Elmer's Fine Foods
- Industry: Snack Foods Manufacturing
- Founded: 1946
- Headquarters: 2404 Port Street, New Orleans, Louisiana
- Key people: Alan Elmer Sr., President
- Products: Snack food
- Website: Elmer's Quality Snacks

= Elmer's Fine Foods =

New Orleans snack food company

Elmer's Fine Foods, or just Elmer's, is a snack food company based in New Orleans, Louisiana. Elmer's started making snack products in 1946, including its popular CheeWees and Mardi Gras cheese curls sold in various southeastern states. Until their chocolate business was sold, they also specialized in the production of seasonal candies such as Heavenly Hash and Gold Bricks, that are popular in the Gulf Coast states. Their manufacturing plant and offices are located in the Ninth Ward, a part of New Orleans that was heavily flooded by Hurricane Katrina.

==History==
Elmer Candy Company began in 1855 as Miller Candy Company, launched by Christopher Miller. Miller transferred the company to his son-in-law, Augustus Elmer, who changed the name to Miller-Elmer Candy. Elmer's five sons joined the business, and it became Elmer Candy Corporation around 1914.
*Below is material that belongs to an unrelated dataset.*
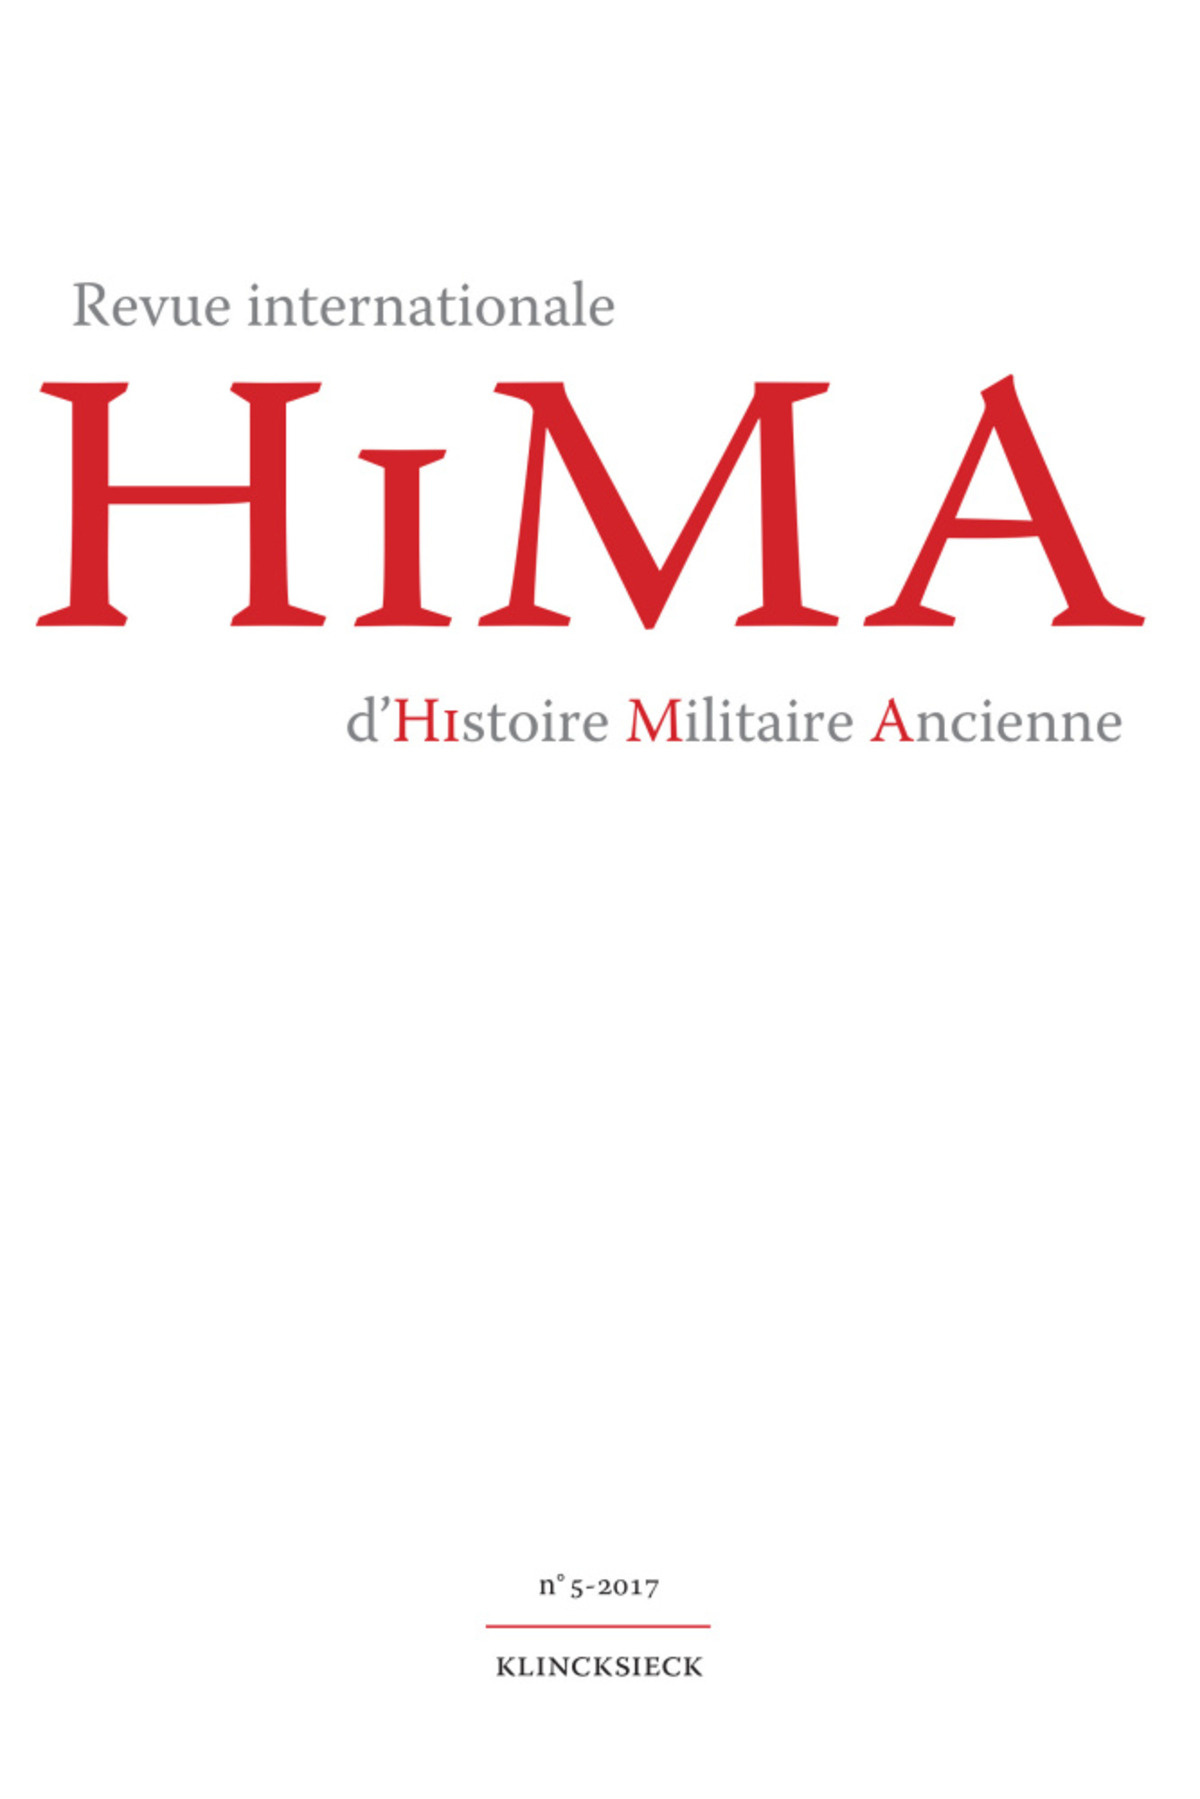 Revue internationale d'Histoire Militaire Ancienne. N°5/2017

During the Great Depression, the Elmer brothers developed a cornmeal-based cheese-curl snack. In 1939, the sales manager for Elmer's, Morel M. Elmer Sr., held a contest in New Orleans to name the famous cheese curls, and the winning entry was CheeWees. In 1946, Elmer's Fine Foods was formed to market their new cheese-curl product.

In 1963, the five sons of Augustus Elmer sold the Elmer Candy Corporation. By doing so, they forfeited the trademark names of the products, and Elmer's Fine Foods lost the ability to use the name CheeWees. For the next 30 years, the company marketed their famous cheese curls using the names Chee-T and Chee-Z-Snax.
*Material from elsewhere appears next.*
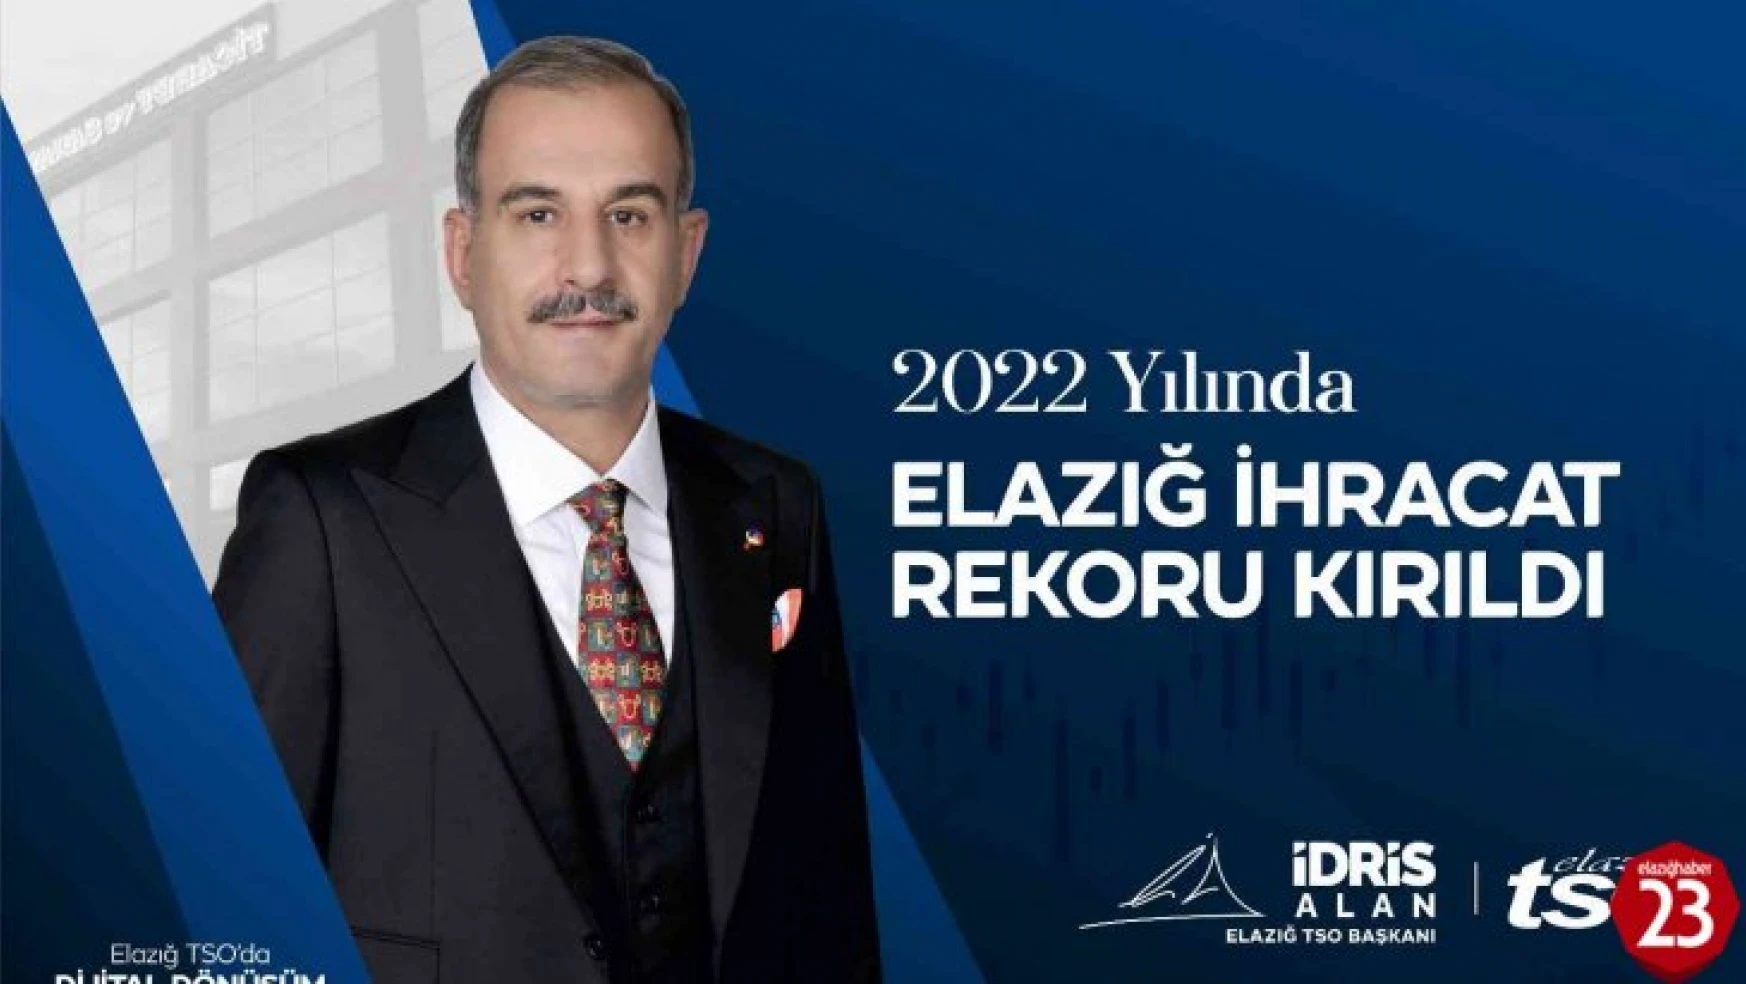 Başkan Alan, 'Elazığ, Cumhuriyetimizin 100. yılında, 2022 yılında kırdığı ihracat rekorunu geliştirecektir'

In the 1980s, brothers Alan, Paul, and Stephen Elmer joined the business and began modernizing the company, adding products, and increasing sales. As president of Elmer's Fine Foods, Alan wanted to use his grandfather's trademarked CheeWees name. In 1993, Elmer's Fine Foods reacquired the naming rights from the Elmer Candy Corporation and began to once again sell CheeWees.

Following devastation from Hurricane Katrina on August 29, 2005, Elmer's Fine Foods was closed for 14 months while its infrastructure was rebuilt. The company re-opened in January 2007, and launched its company web site.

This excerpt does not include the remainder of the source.